__YOUR GOAL__: Please set out each line below exactly as it stands, without the images.

__EXERCISE DATA__:
Segment Open
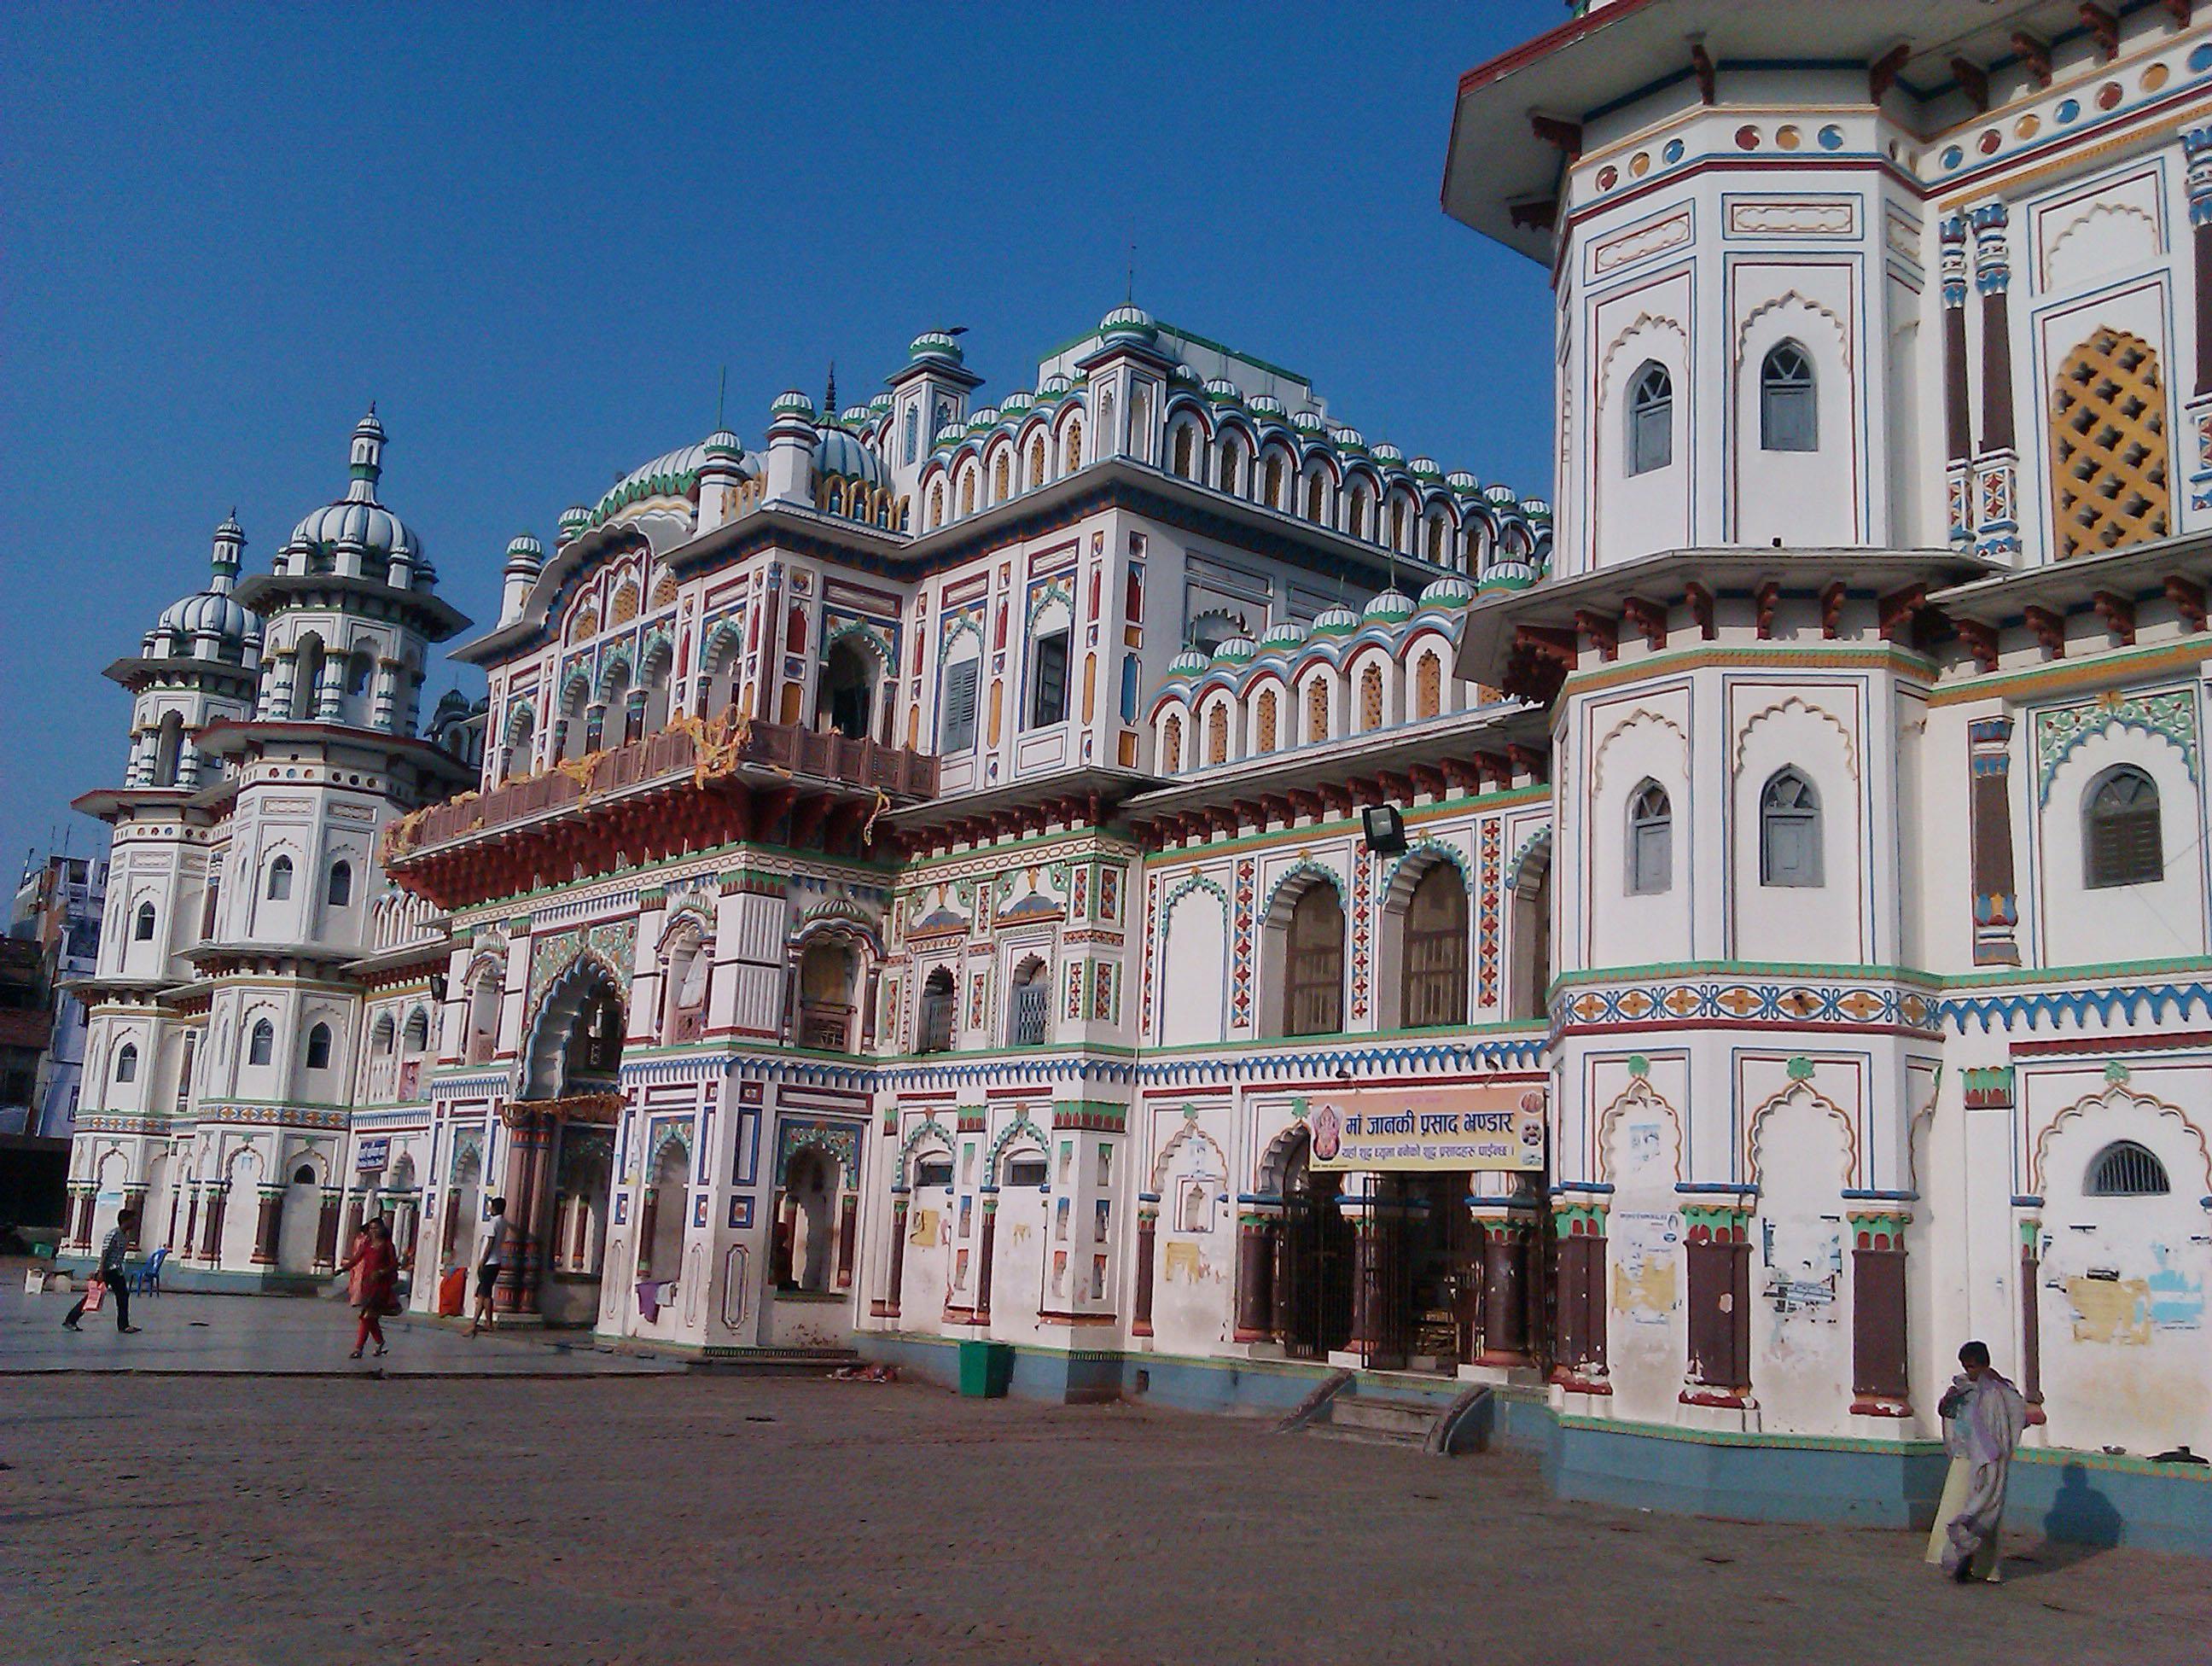 Janaki mandir-Janakpur | VIEW AROUND JANAKPUR - YouTube
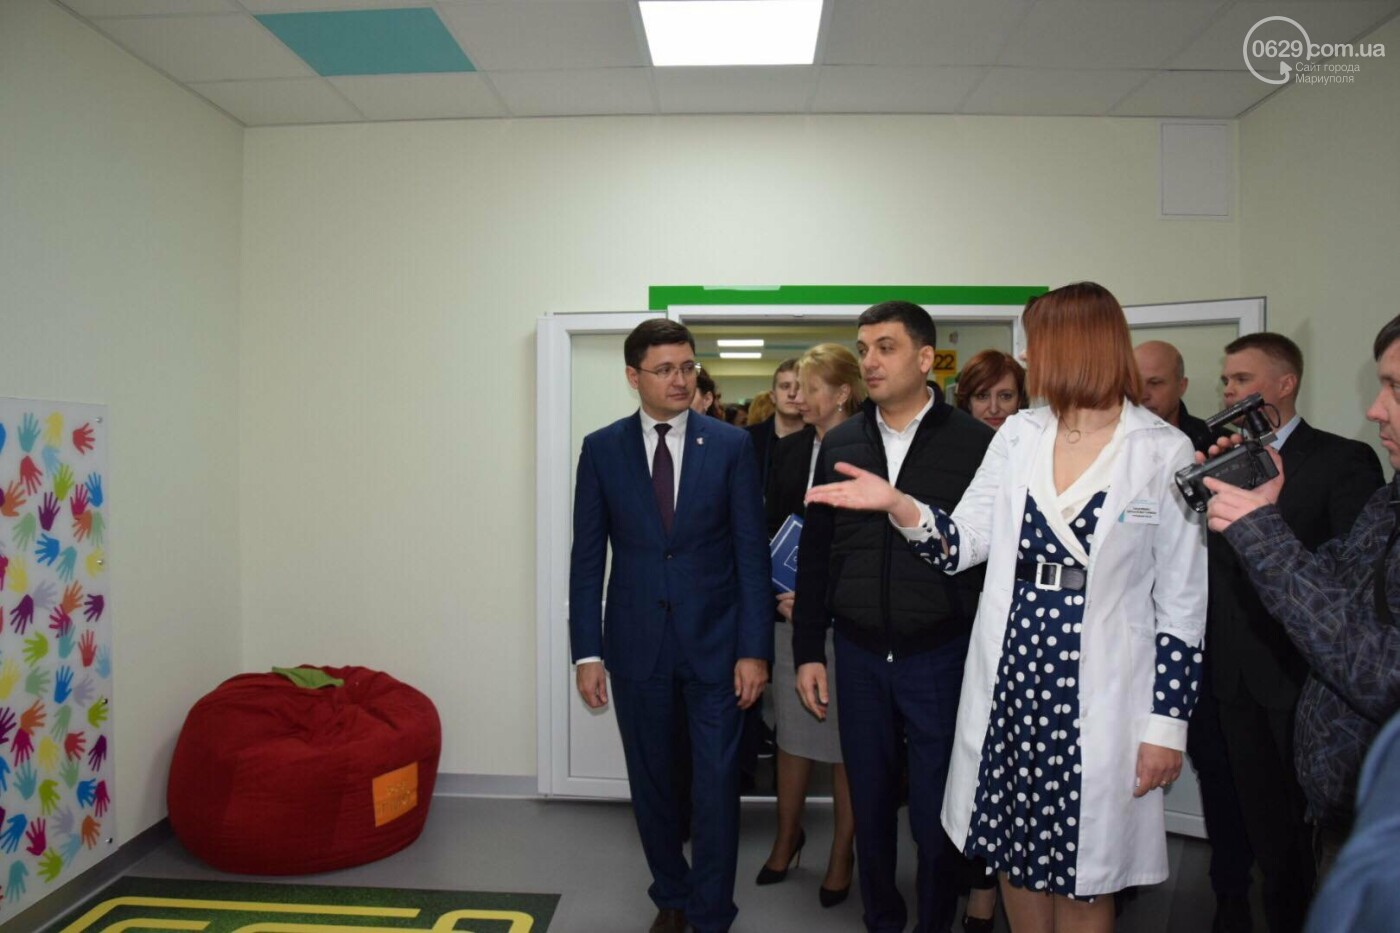 В Мариуполе Владимир Гройсман открыл детскую поликлинику и познакомился с Сережей, - ФОТОРЕПОРТАЖ, ВИДЕО, фото-47
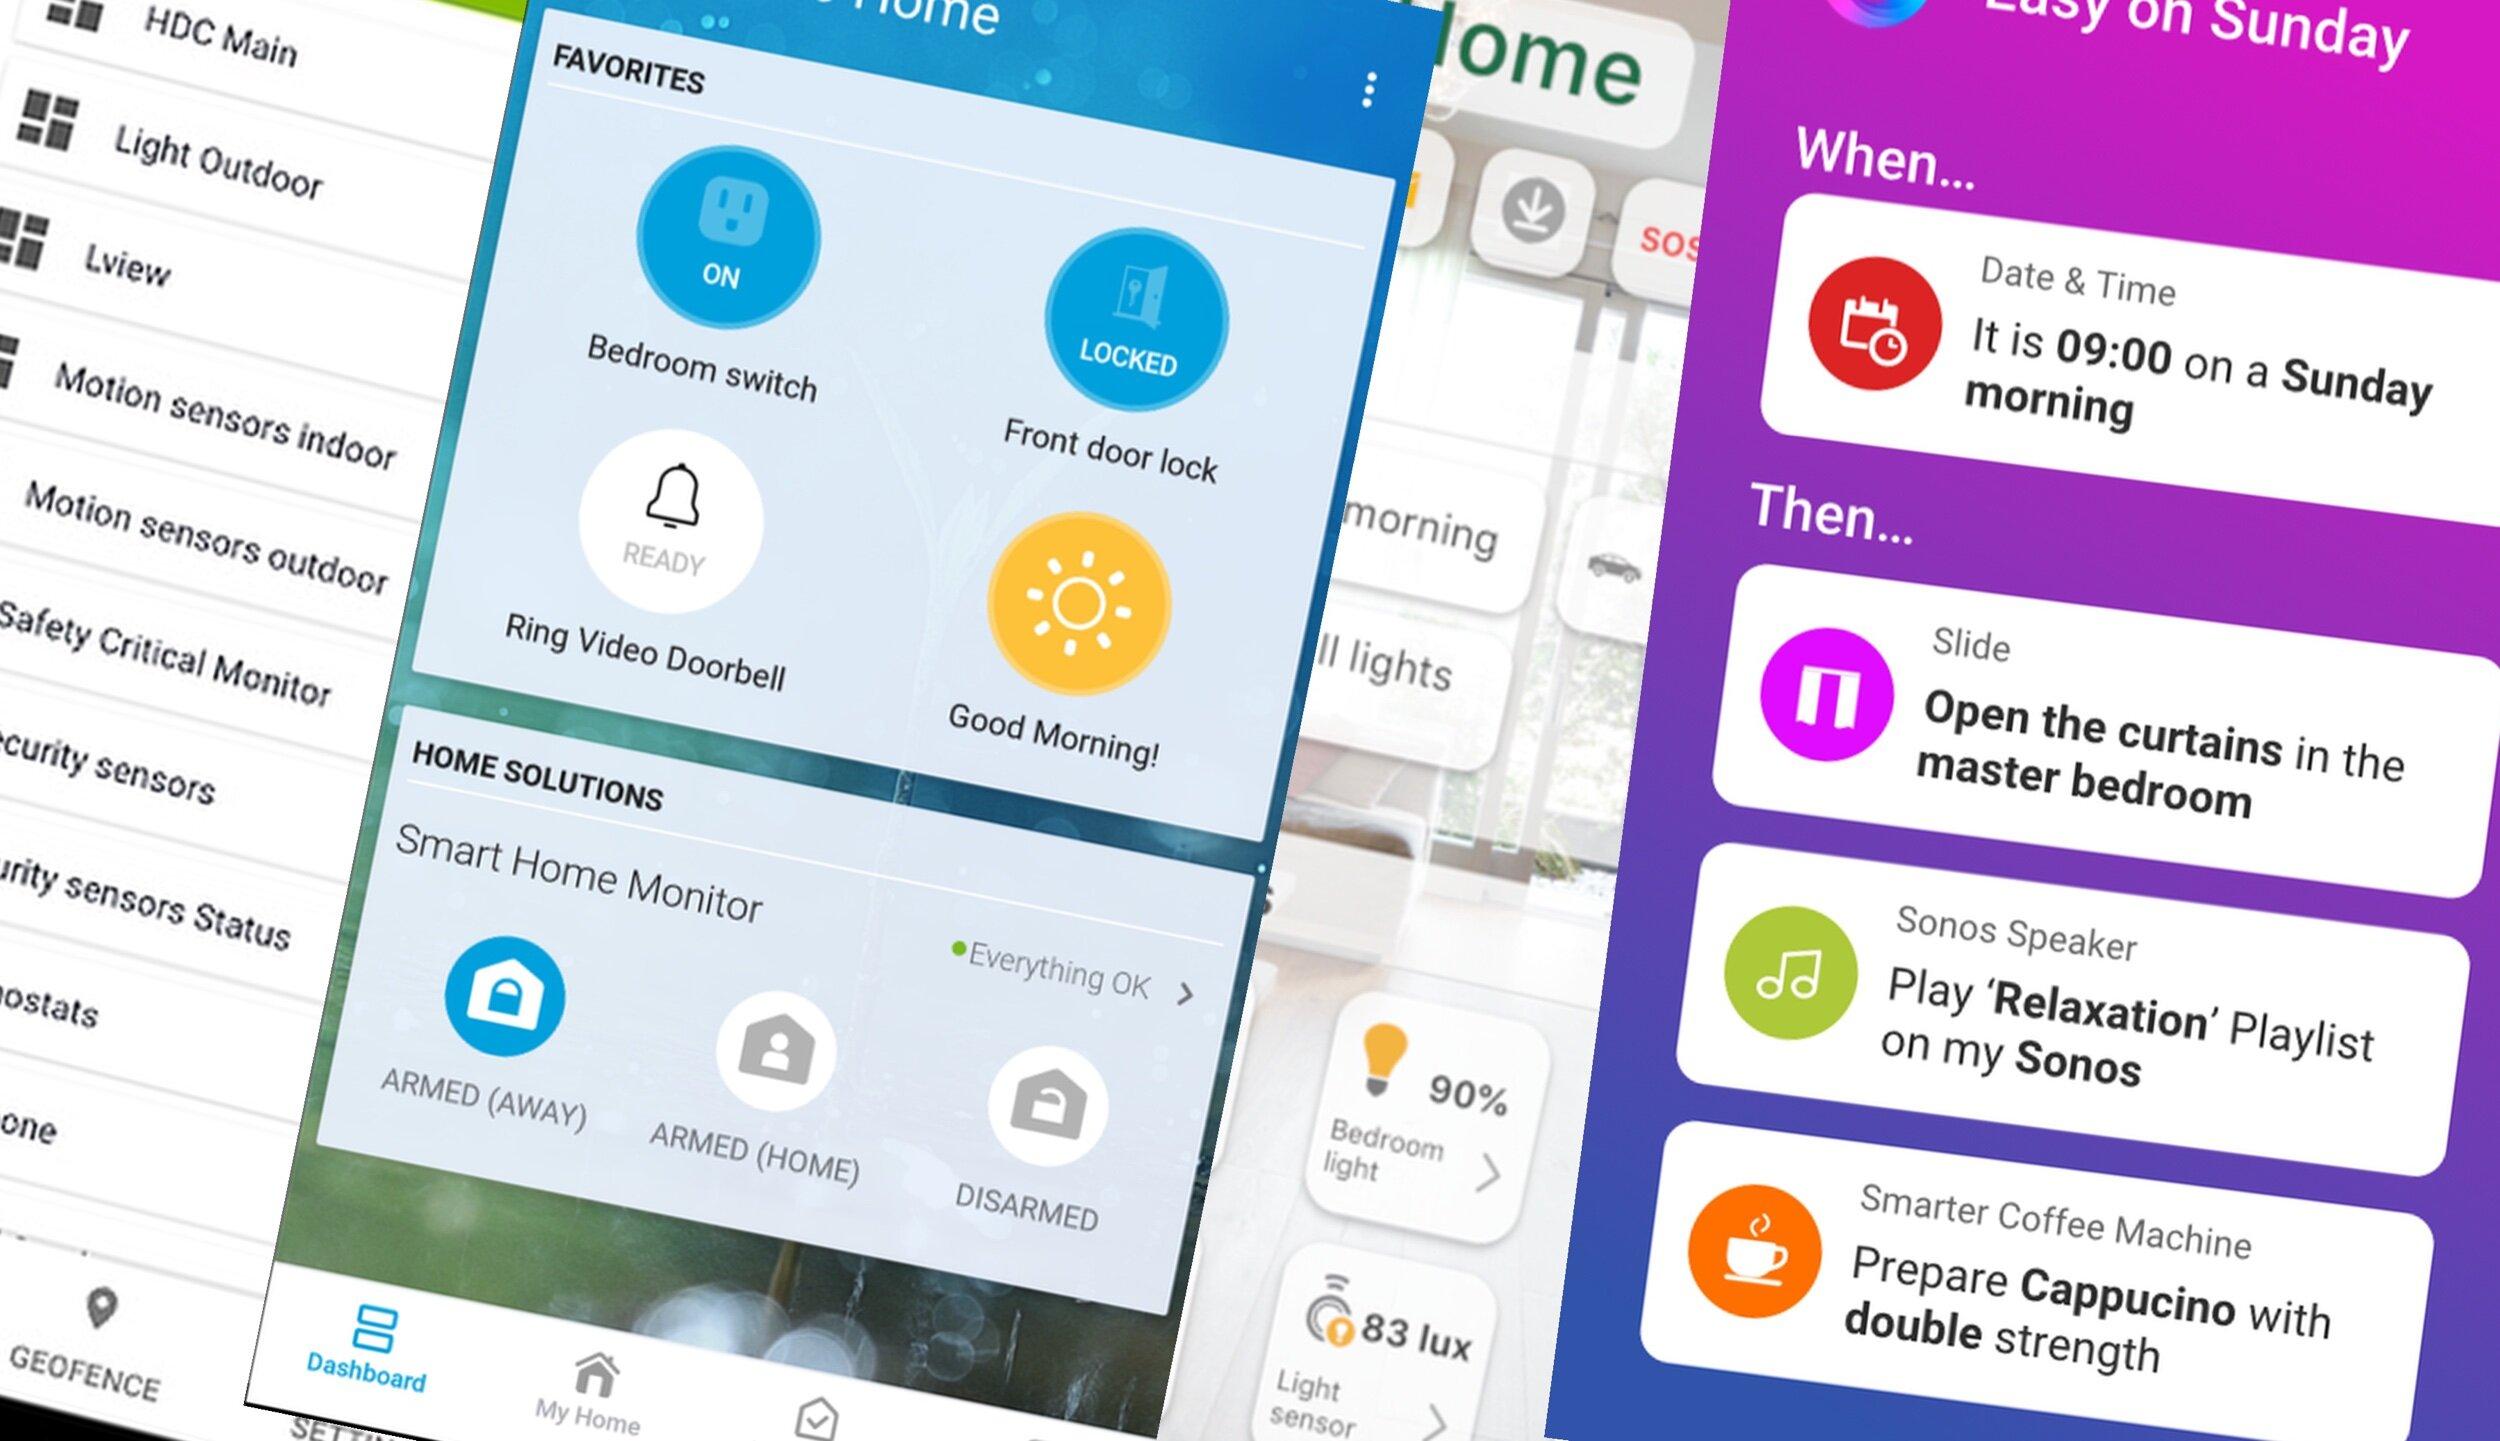 Hub Mobile Apps
Segment Closed
__RESULT OF THE EXERCISE__:
 Janaki mandir-Janakpur | VIEW AROUND JANAKPUR - YouTube
 В Мариуполе Владимир Гройсман открыл детскую поликлинику и познакомился с Сережей, - ФОТОРЕПОРТАЖ, ВИДЕО, фото-47
 Hub Mobile Apps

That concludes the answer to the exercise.